- What you will do: Could you output each line below precisely as it stands, without the images?

- Provided material:
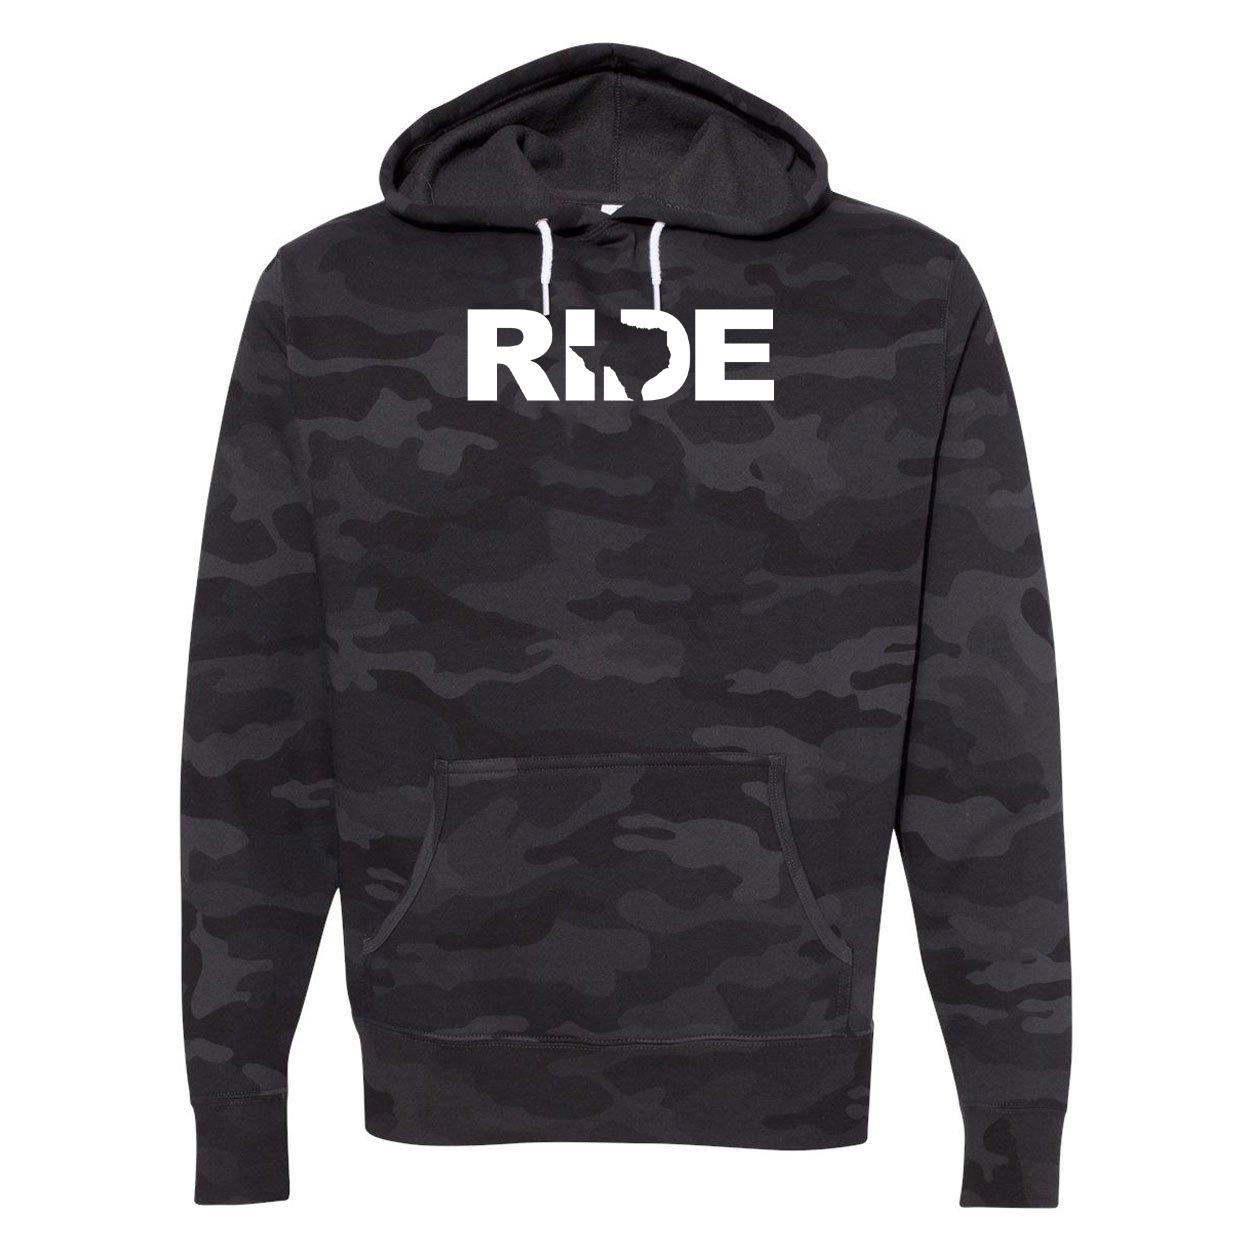 Ride Texas Classic Unisex Hooded Sweatshirt Black Camo (White Logo)
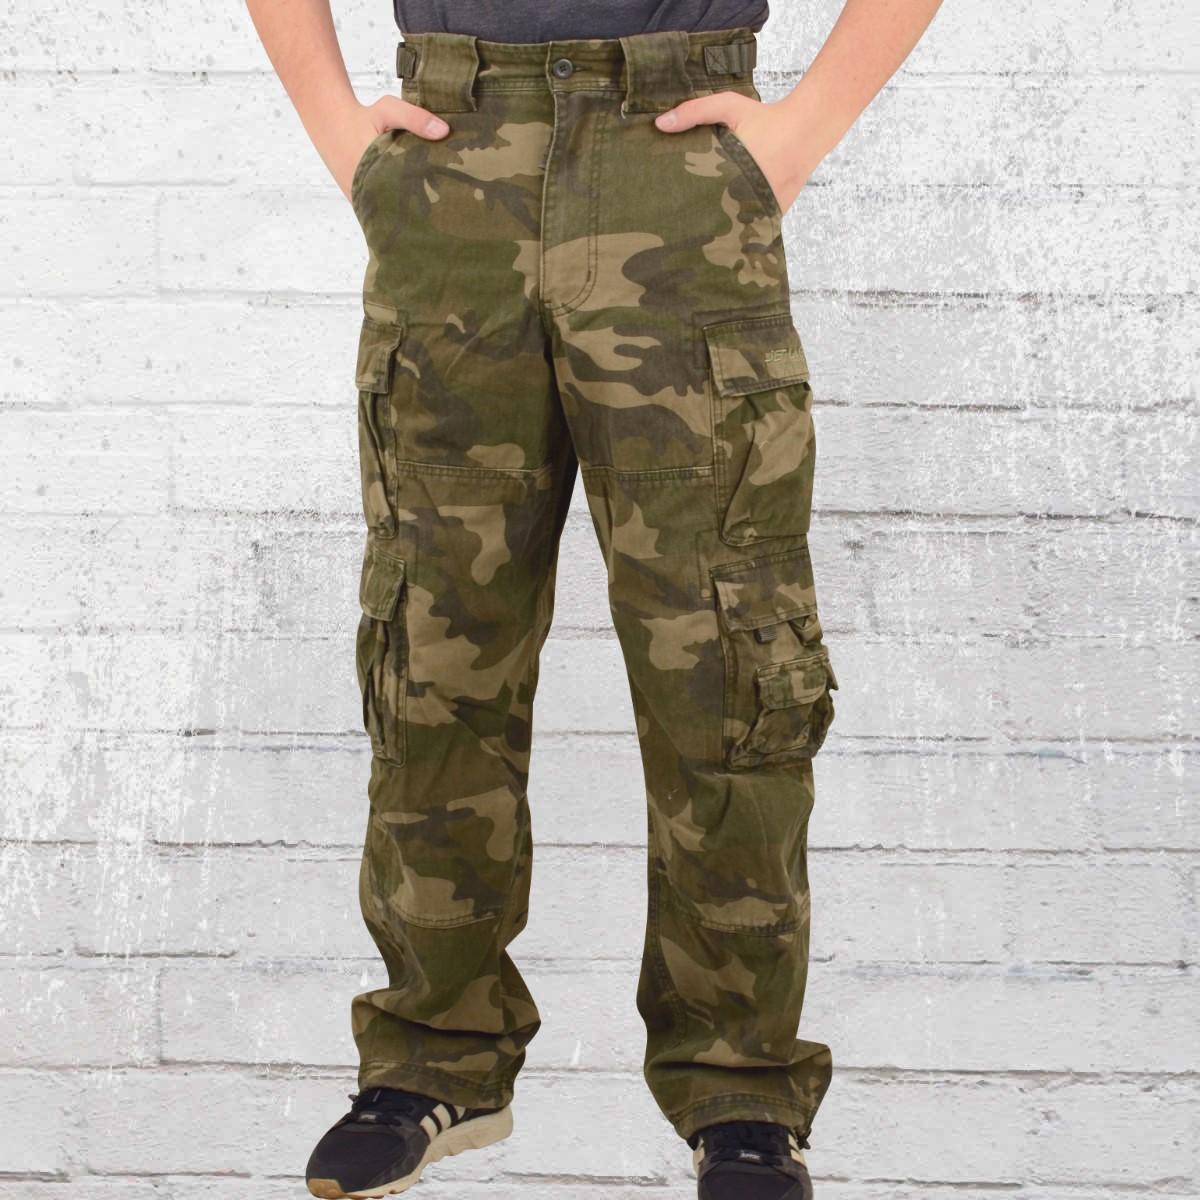 3c3df6125e Order now | Jet Lag Mens Cargo Pocket Pants 007 camouflage
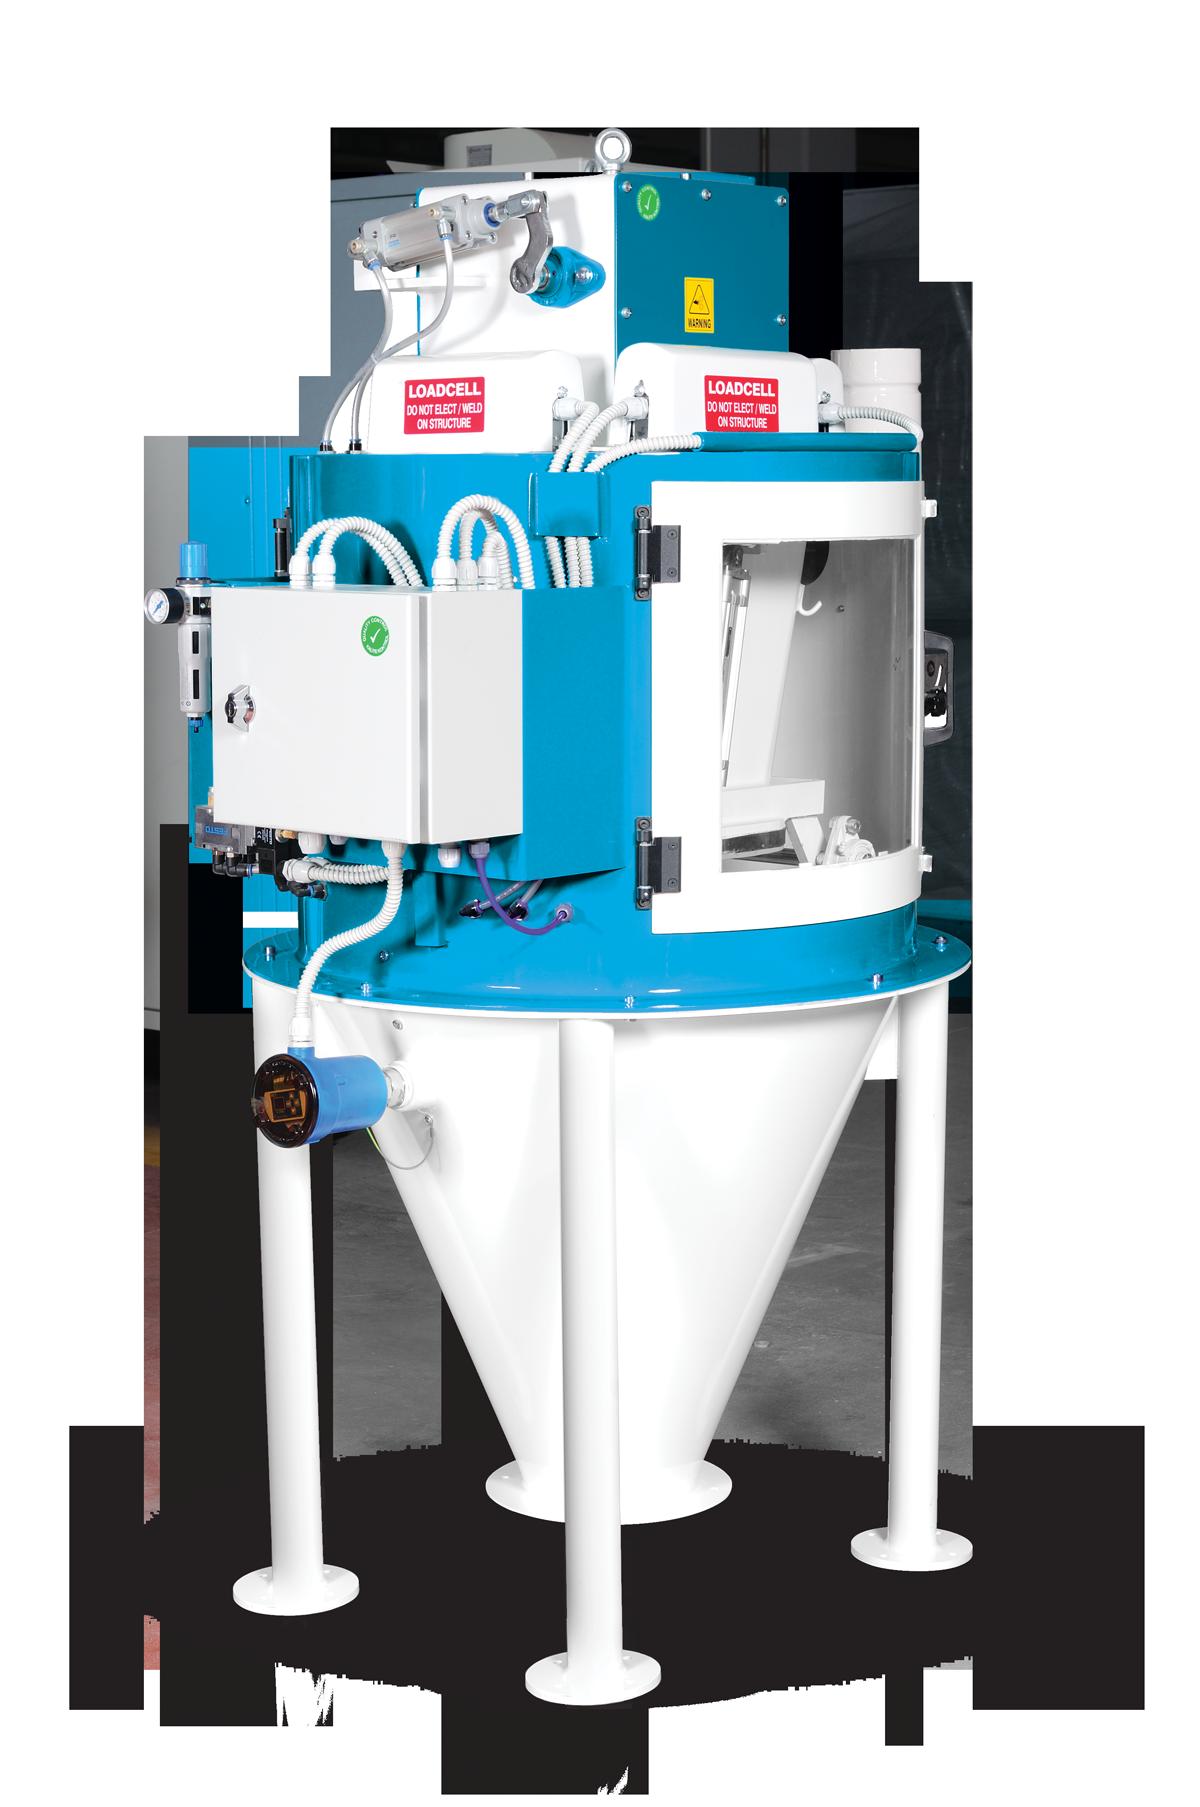 Müstakil PLC Kontrollü Randıman Kantarları – Tubex Tip 40/80/120 Lt.2

- Answer to the problem:
 Ride Texas Classic Unisex Hooded Sweatshirt Black Camo (White Logo)
 3c3df6125e Order now | Jet Lag Mens Cargo Pocket Pants 007 camouflage
 Müstakil PLC Kontrollü Randıman Kantarları – Tubex Tip 40/80/120 Lt.2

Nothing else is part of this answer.